Red caps and traffic cones

It is the first May bank holiday already and I can’t believe where the year is going. Traditionally the period between Christmas and Easter at work is a slower time for me. It’s a chance to sit back, see where things are at with my systems and start on development work. This year, more than many, my development work is taking me down new avenues, testing my problem solving skills and my ability to absorb new codes and software faster than ever.

Somewhere in the middle of this, I found myself embarking on the final part of my journey with ‘The Helion Band’. The book I have been working on since 2019. As I sit here, writing this, the book as been submitted to Amazon. Advance print copies have been ordered, and advance reviews are starting to flow in. The kindness of the words from complete strangers has left me embarrassed and slightly bewildered. It has also left me reflecting on where it all began.

This book started with a single sharp image. An elegant woman, dignified and silent, at the helm of a spaceship on a collision course with the heart of a sun. I genuinely can’t remember now where that image came from, most of the beginnings of stories come to me in the early hours, itching away until I do something with them. The final story doesn’t necessary even end up containing a corresponding scene (this is true of this one), but the emotions and thoughts always remain. It remains the engine room of my imagination as the words start to flow.

This has been possibly the hardest thing I have ever done. Harder certainly than any of my three degrees, than any project I have done at work. The journey was a long one. I work full-time and spend most of my working day sat at a computer screen. Spending another hour or so in the evening usually doesn’t appeal. However, when I do finally write, I write fast. 4K in a single day is not unusual for me when the scenes are flowing. 

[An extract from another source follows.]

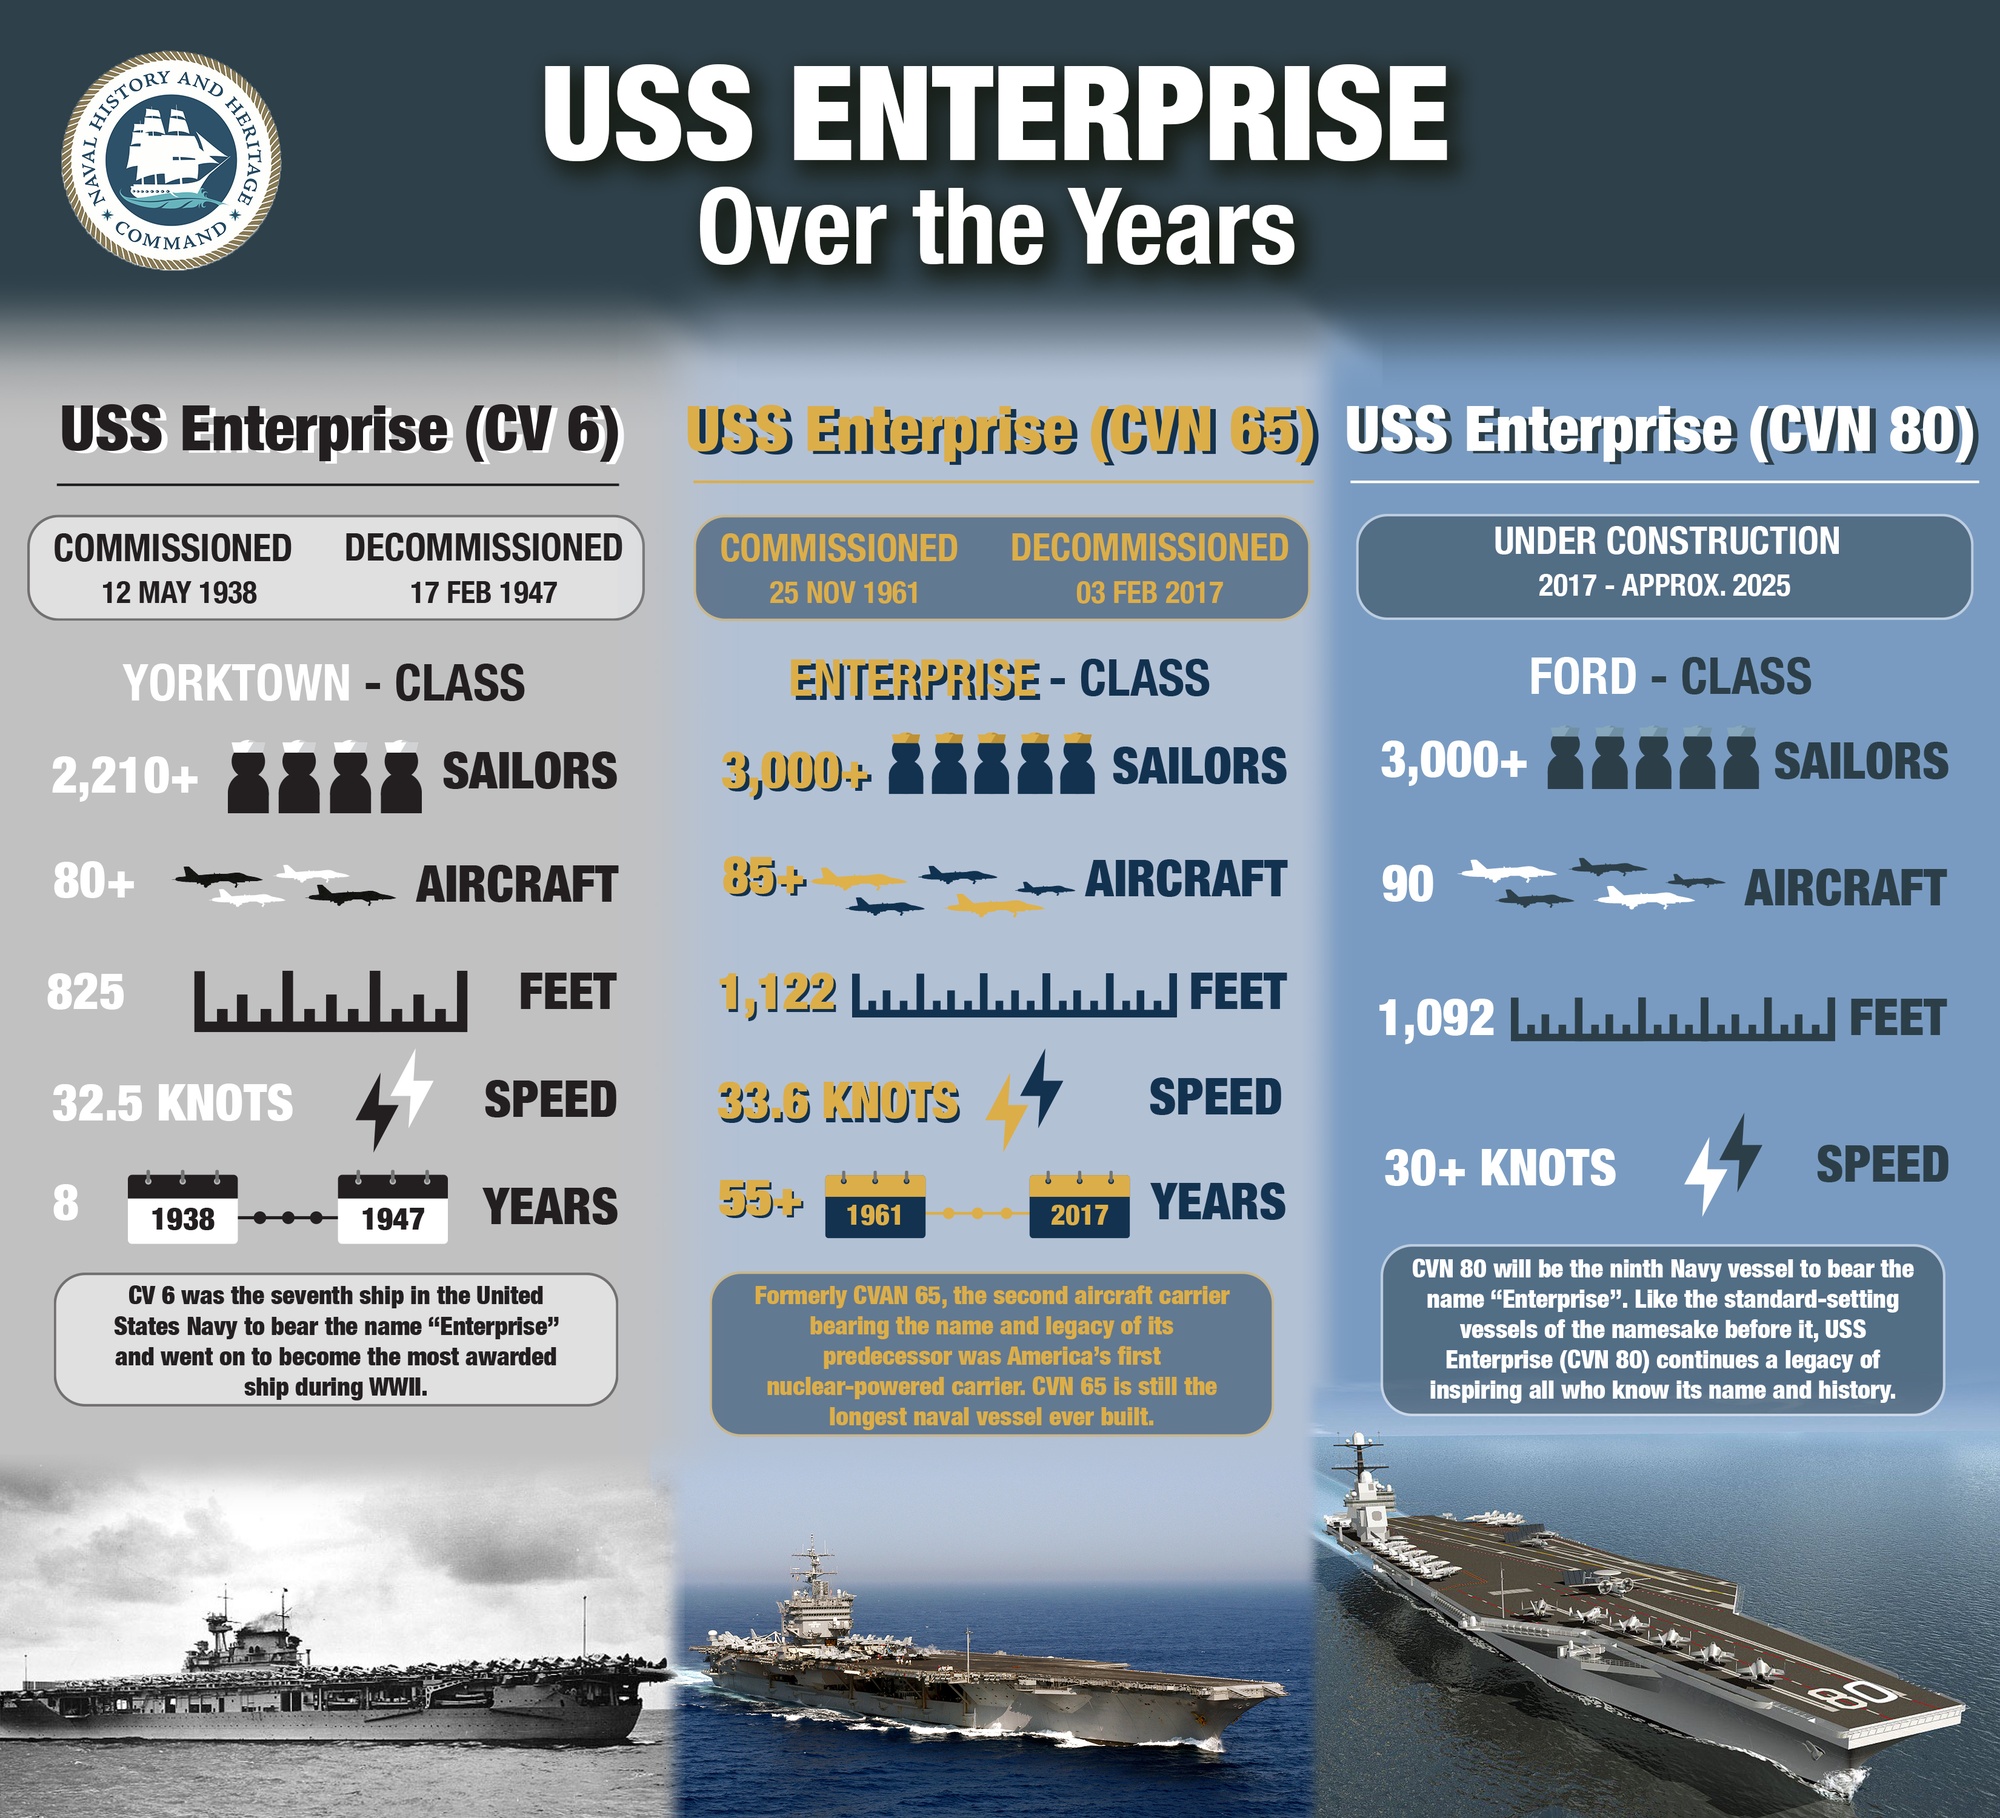 DVIDS - Images - USS Enterprise over the Years

However, having an imagination is no good without the knowledge of how to apply it. As with my system work, I may have known what I wanted to achieve, but I did not have the skills to achieve it. I wrote as if I was producing an academic paper, rather than a novel. I didn’t bother with anything so prosaic as a plot outline, instead collecting inspirational images of the world that I wanted to create. I knew I needed help.

I invested in getting those skills by attending a series of writing retreats with Global Wordsmiths. I still remember the first morning of the initial retreat. Sat nervously, knowing that nearly everyone else in the room had already published and wondering what exactly I had got myself into. I had turned up armed with 40k words, and a few of them were perhaps even in the right place. By the end of that week, I had a fuller understanding of the enormity of the task ahead if I was to actually publish. I also had found a group of people, of friends, who would stay with me throughout the journey, supporting and encouraging me as I learnt the craft, and applied it as best as I could. Finally, after two years, my first draft was finished. That was when I learnt that writing the book was actually the easy bit. The editing was going to be far harder. Again, with expert help I finessed the words until finally a novel sat in front of me that could be set free.

So now, it is about to be published and I have to do the final bit, the public relations and marketing. And somehow that is the hardest part. It feels strange to put my work out on social media, to talk to complete strangers about what has, up to this point, been a private endeavour. Talking to friends and family is even worse. They have already been there by my side throughout, now they actually want to spend their hard-earned money on a buying a copy!

And now I have started the whole process again. I have worked up a new book, and I find myself constantly looking out for the flotsam and jetsam of passing life which might end up reflected in it. Yesterday it was a the sight of Military police walking side-by-side with my local police, today it was a young boy walking along the pavement nonchalantly carrying a traffic cone. My engine room is fired up and the game is afoot. I am an author now, and it feels amazing.